Бари понял – не отдаст. И тогда он, чувствуя, как в нём закипает кровь саттаров, с бешеной силой ударил её кнутом вдоль спины. Женщина вскрикнула, присела, схватившись за плечо, на котором под светлой блузкой расплылось чёрное пятно. И Бари вырвал заплакавшего ребёнка из ослабевших рук цыганки. Прежде, чем сесть на лошадь, он кинул к ногам её оставшуюся пачку денег: «Это тебе за мальца, что спасла ты его, не бросила!» Отъезжая, слышал он, как кричала и плевалась ему вслед Лала: «Будь проклят, нехристь! Тьфу! Тьфу! Тьфу!»

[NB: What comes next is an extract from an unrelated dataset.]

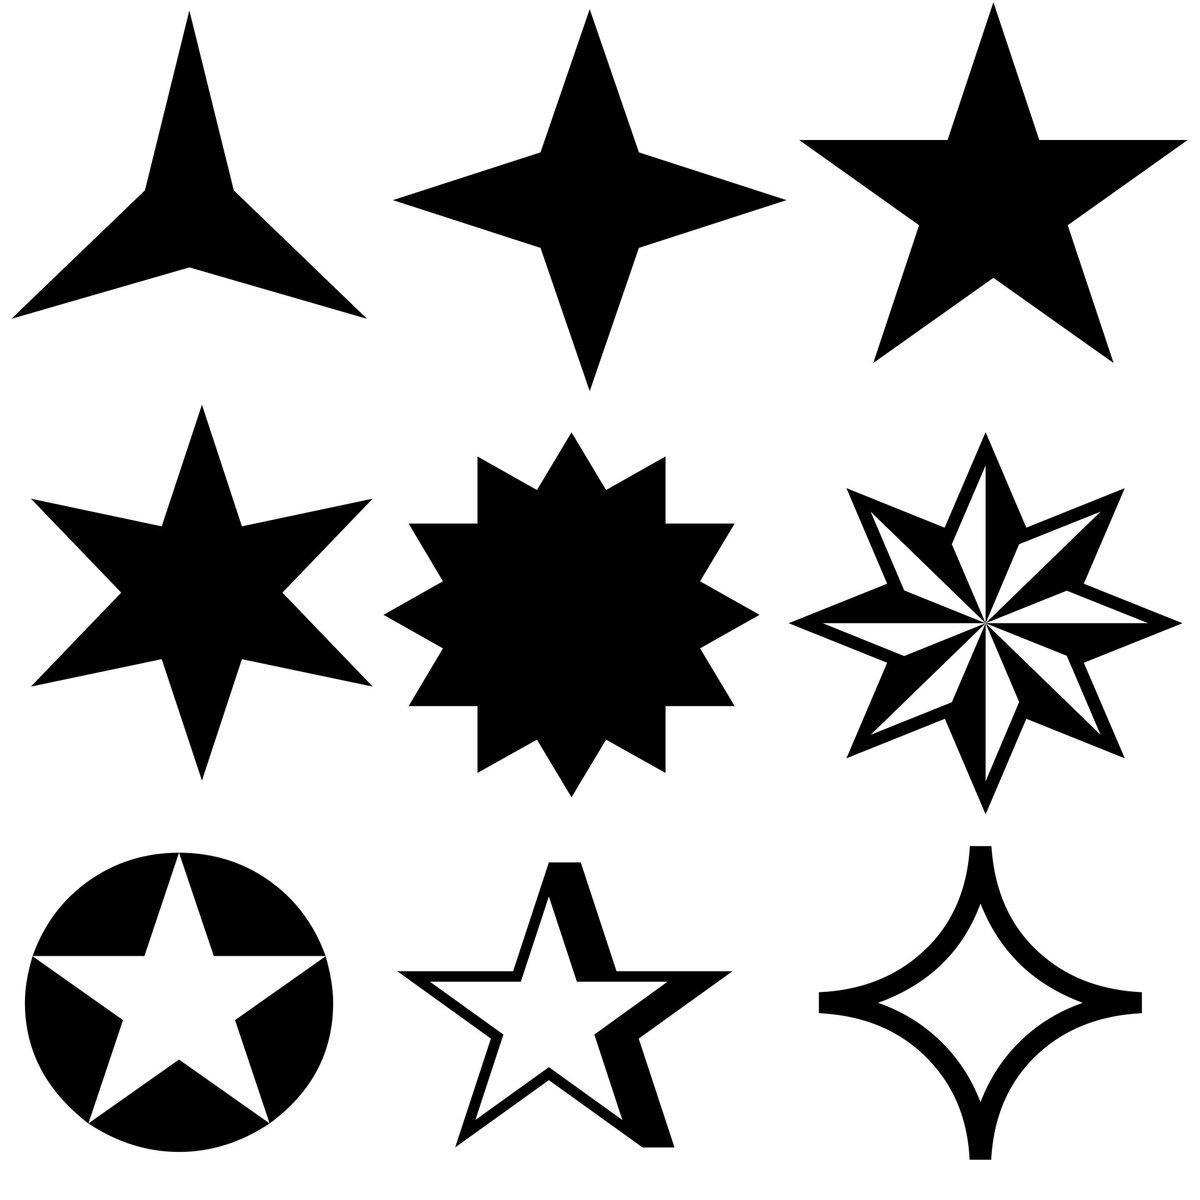 всего черная звезда картинки отзыв

Проехав версты три и чувствуя смертельную усталость, Бари съехал в овраг. Привязал лошадь. Закутал в свой казакин уснувшего сынишку и сложил над ним шалашиком еловые ветки. Сам, прислонясь к полуистлевшей, но всё ещё живой лиственнице, закрыл глаза. Но вдруг ему почудился лёгкий шорох, и он встретился взглядом с глазами наклонившейся над ним Лалы.

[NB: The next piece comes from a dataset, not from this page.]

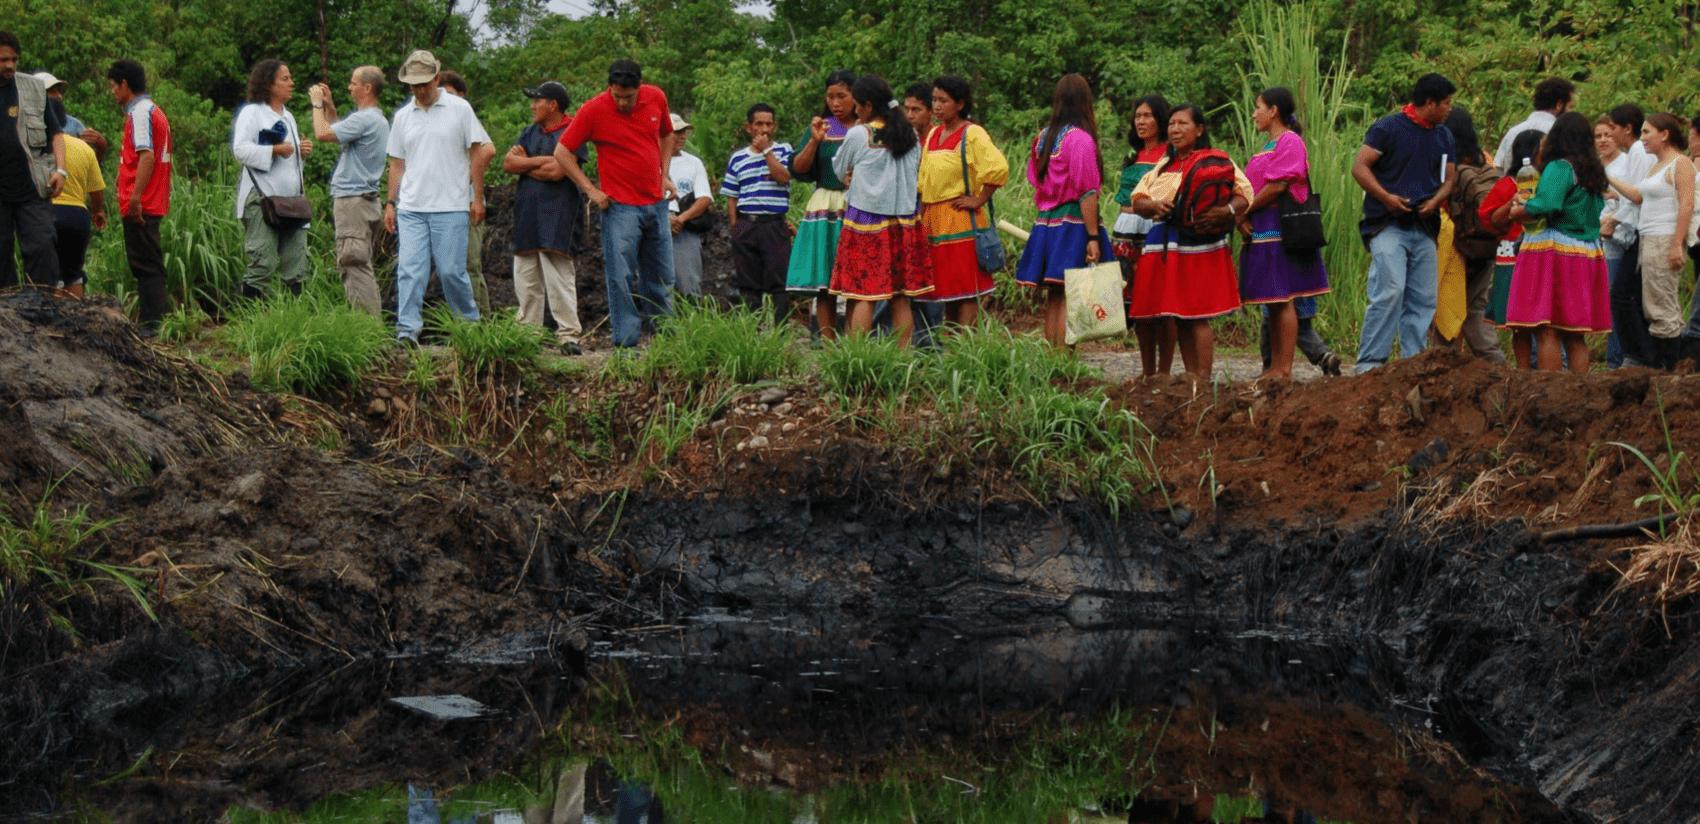 Lokale bewoners staan rond een door oliesmurrie vervuilde vijver in hun dorp in Ecuador.

Разгадав её коварный и наивный замысел, он схватил её за плечи и хотел отшвырнуть от себя. Но руки его, против воли самого Бари, ощутили такую покорность её мягких плеч, так пахнуло от неё духом тёплого сена, что он замер на секунду. И потом, отвечая на внезапный дикий и сладкий зов тела, бросился на неё… Небеса текли над ними, отражая свет полуночной нукрат-Вятки. Приподнявшись на локте, Бари задумчиво тронул пальцем запекшуюся кровь на оголённом плече женщины и спросил: «Больно?» – «Хэ-ей! Да не больней кнута Васьки Хромого! Сколько он меня бил… Хотела я у тебя, спящего, ребёнка забрать, да не вышло. А попривыкла я к нему. Мишке моему было бы столько же…»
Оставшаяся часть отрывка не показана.